You have nothing to worry about. It's gonna be a challenging conversation, but you'll be fine. And I walked in, and I described what happened. And what we talked about for the next 20 minutes was, how can we make sure that a similar engineer in a similar place can't make the same mistakes? And some of the things I did were just genuine mistakes. And some of the things I did were the right thing that had mitigating factors.
But it didn't matter. We talked about what tools worked poorly, what tools can we fix? What tools would we fix but are on their way out anyway? And are the replacements for those tools going to be better in this regard? And you know what didn't happen? It didn't get fired, obviously. I also didn't get written up. I didn't get yelled at. I didn't get told I was stupid.
There was no disciplinary action and no negative words whatsoever. That's what a postmortem is. So now let's say you still don't trust this team. You've done the postmortems, you've done the training, you've done all this culture stuff, and you're like, you still don't wanna give them access to my code. They're not, gives me the willies.
The question you need to ask yourself in that moment is, is it you? And there's two ways that I want you to think about this question. The first is, did you really support them? And I don't mean you gave them all of the things. I mean, were you rooting for them? Did you want them to succeed? Because if you did not, whether you're their manager,
whether you're an IC on another team, whether you're the director of the department, then you half-assed all of it and start over. And the second thing I want you to think about is your preconceived idea. As humans, if you see an individual or a team not capable of doing something for a long period of time, but then you change all the variables.
As humans, we have a really hard time letting go of that earlier performance. It's just part of human nature. And what our responsibility is, as ushers in of this culture, is to let go of that idea and come up with a new one.
Really honestly look at this individual, this team, in a new light. And let go of your preconceived ideas. But, let's face it, sometimes that may happen and you may look deep inside. And you may have really been rooting for this individual or this team, and it didn't work.
And you've taken a fresh look at them and they just can't do it. So, what then? Well, if you really did all those things and it's really not you, then the only answer is to fire them. And I can't emphasize this enough. It should not be your first resort. In fact, it should be your last resort.
It must be your last resort, otherwise you're an asshole. But, it has to be on the table. If this is not a tool in your toolbox, you will fail. You cannot keep toxic people like this in your environment. These are the people who drag you down. These are the people who kill the model. These are the people that hurt your business
and hurt your technology and hurt your infrastructure. Do not keep these people in your environment. Now, one caveat. The assumption here is that you have some people over here who are doing the DevOps, and then you got the people over here who are not doing the DevOps. That may not be your case. You may be at a small company or a very large company just starting this, and if there were zero people
following this new model that you want at your company, you can't just fire the entire fucking org. Please don't do that. And if you do, please don't tell them that I told you to do that. You need to bring in people who will foster this model, who will build this model, and what you'll find is more often than not that people who couldn't do it will learn how to do it by example.

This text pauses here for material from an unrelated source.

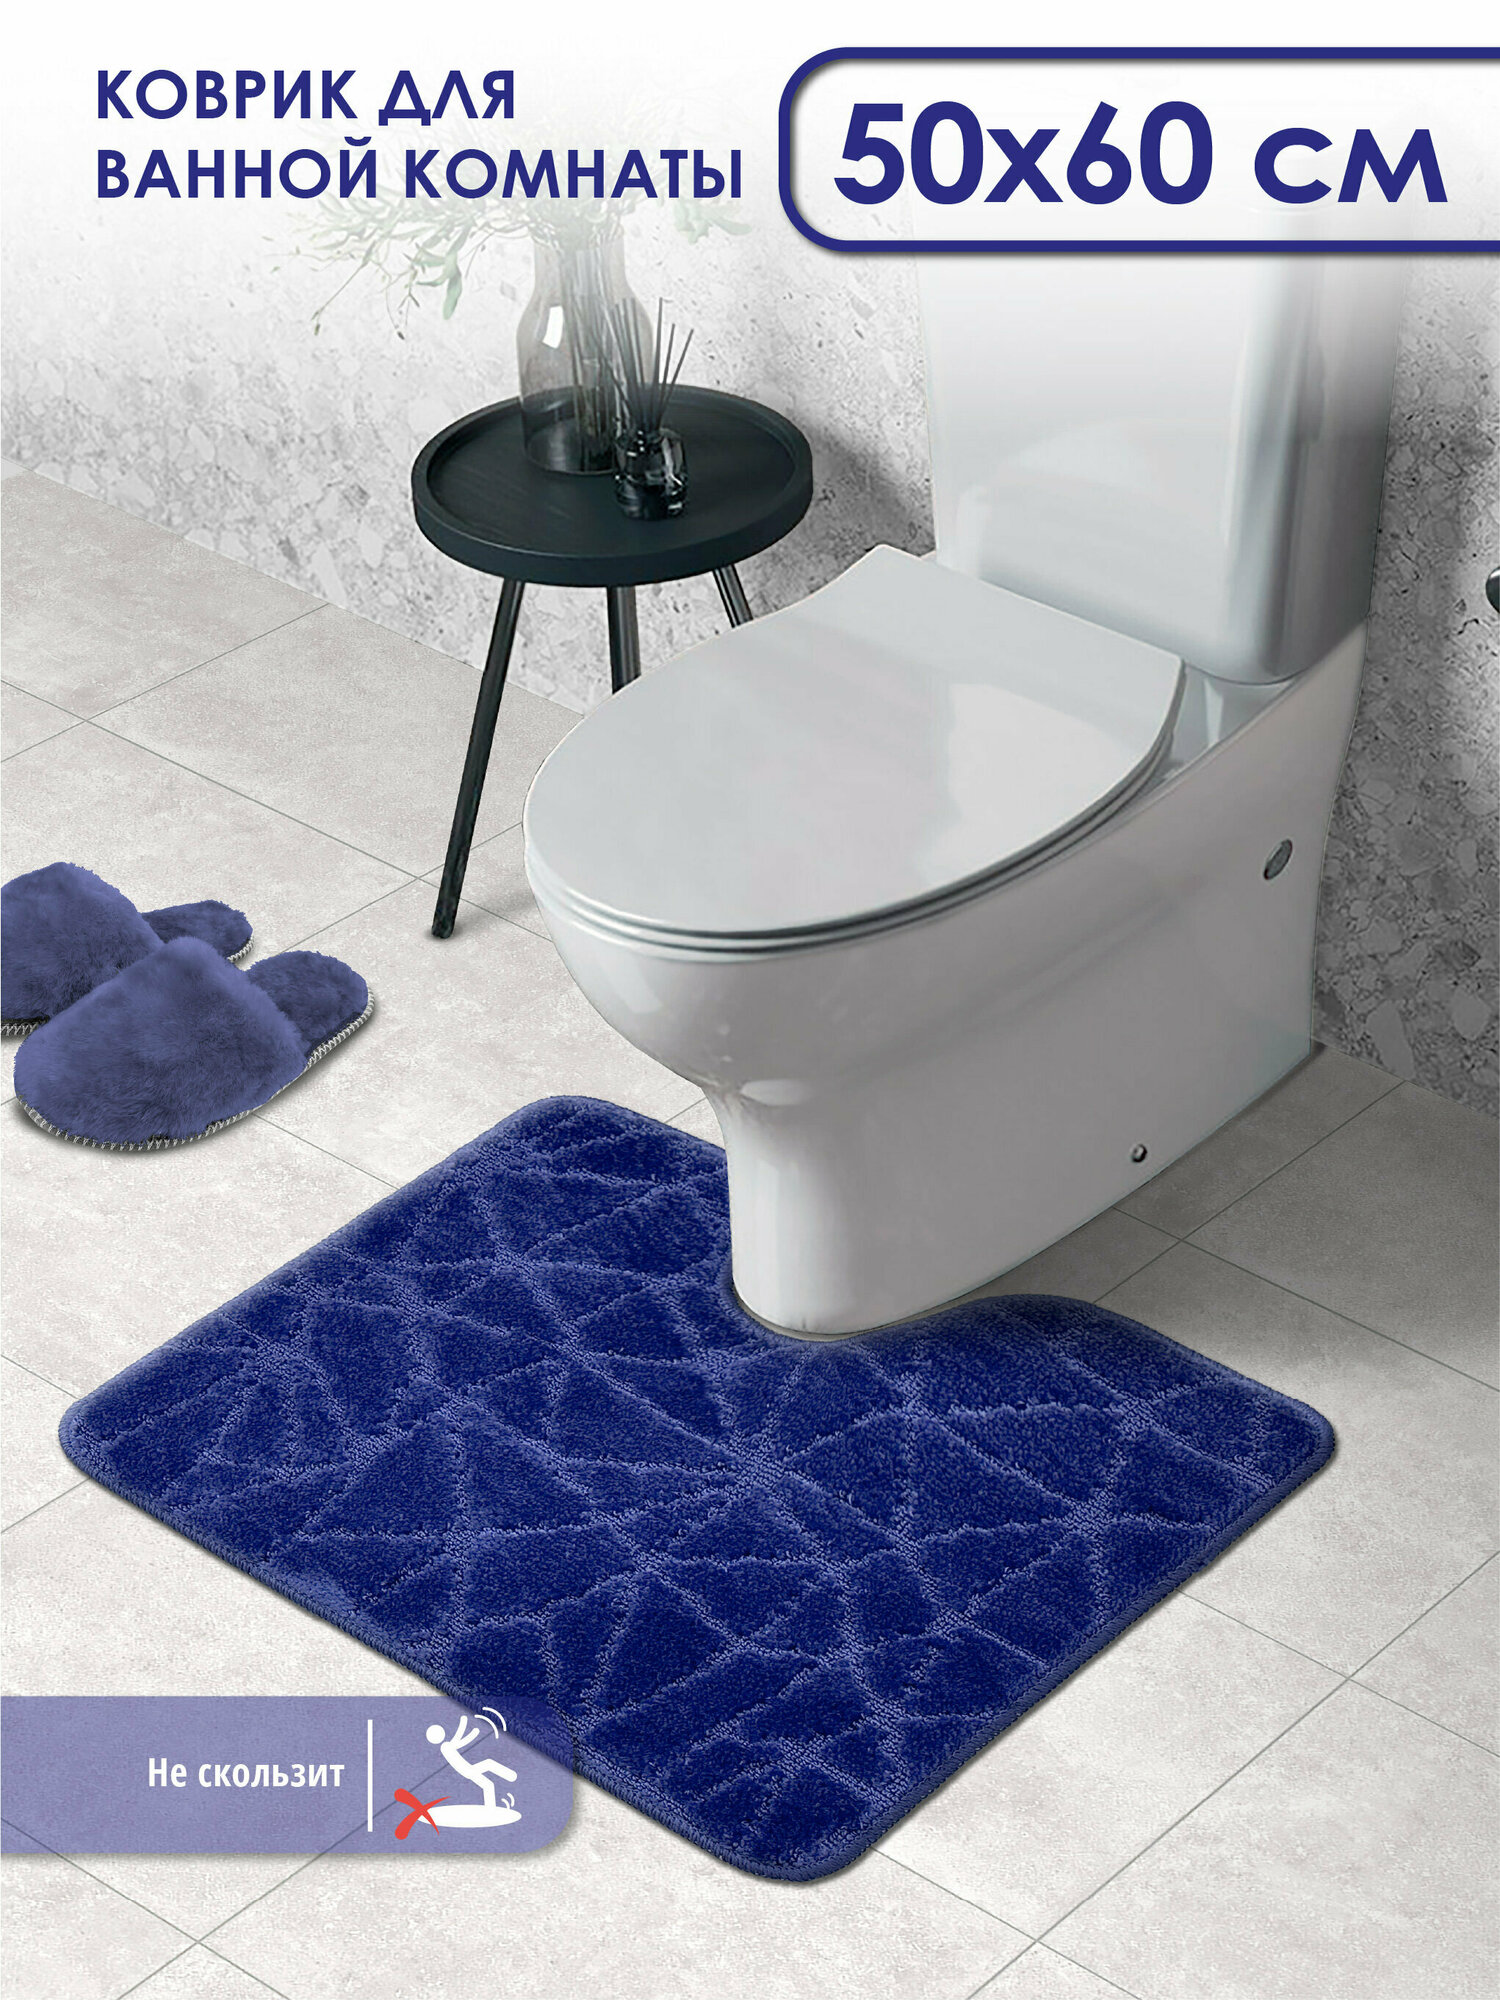 Коврик для ванной и туалета SHAHINTEX PP противоскользящий 50х60 001 темно-синий 14, коврик для туалета с вырезом

And again, if you support them, it'll be great, and if they still can't do it, then fire them. Don't fax them like they did in Back to the Future, but fire them. So trust your engineers. I tell people this all the time. I tell VCs this, I tell CEOs this, I tell managers this, I tell other individual contributors this. Trust your engineers. You hired them for a reason.
You need to trust your engineers, and if you absolutely can't, go hire new ones, and then trust them. Remember, people only need to know what they don't know. If you ask people to step out of their comfort zone, do something new, most people who have half a brain will know when they hit the edge of their boundary and test harder, ask for help, read docs.
It's the only real skill you need. So moving on, what about that second question? So I was at the Chef Community Summit last year, and for those of you who don't know, it's an unconference, which means there aren't talks, there's just people going to room and bullshit about things. And so there was a room on networking, and I love networking. So off I go trotting to this room,
and we're talking about new vendors that are publishing their cookbooks and tools, and it's a great conversation. This guy raises his hand and he says, I have a different problem. Can we talk about a different problem? And we said, yeah, sure, no problem. And he says, well, my networking team just refuses. Like, the ICs refuse, the director refuses, like I've talked to them multiple times, they just want nothing to do with automation,
giving other people access to their systems, and like, none of it. So that's what we're gonna talk about. And if this is the problem you're facing, I got three questions for you. The first is, have you shown them the way? The second is, have you provided them training? And the third is, have you provided them security? And once again, I saved the best for last.
Show them the benefits. That includes bringing them into other teams who have done this, who can explain to them how much better their life is. Maybe their monitoring is just auto-generated from their configs and they never have to worry about monitoring again, our dream. Maybe it's the fact that their world is super consistent, maybe their uptime is better, whatever it is.
Maybe they don't have to deal with the day-to-day bullshit and they get to work on their pie-in-the-sky projects. But you actually have to show them there's a benefit to them. More often than not, I see people talking about the benefit to the company, the benefit to the product. And people care about that, but it's not enough. When you're asking somebody who's ostensibly doing their job to now learn a whole new thing
and do their job entirely differently, you have to show them that there's benefit to them in their day-to-day life. The next two are in the same slide. So, you have to make people feel safe. And the easy one there is documentation and training. We talked about it earlier, I'm not gonna spend time on it. But people need to feel free to make mistakes
when they're trying something new. I don't know about you, but when I try something new, for the first time ever, I usually fuck it up. I'm good, but I'm not that good. People have to be free to fuck it up, see no blame postmortems. You're taking a team that's maybe managed their systems by hand, or been configuring routers by hand,
or configuring storage by hand, or whatever they've been doing for a long time, and they're good at it. They got the job, they've been keeping the site up. They've been writing the application, they've been doing whatever they do, and now you want them to do something entirely different. You want them to think about their entire world differently and learn a whole new set of tools.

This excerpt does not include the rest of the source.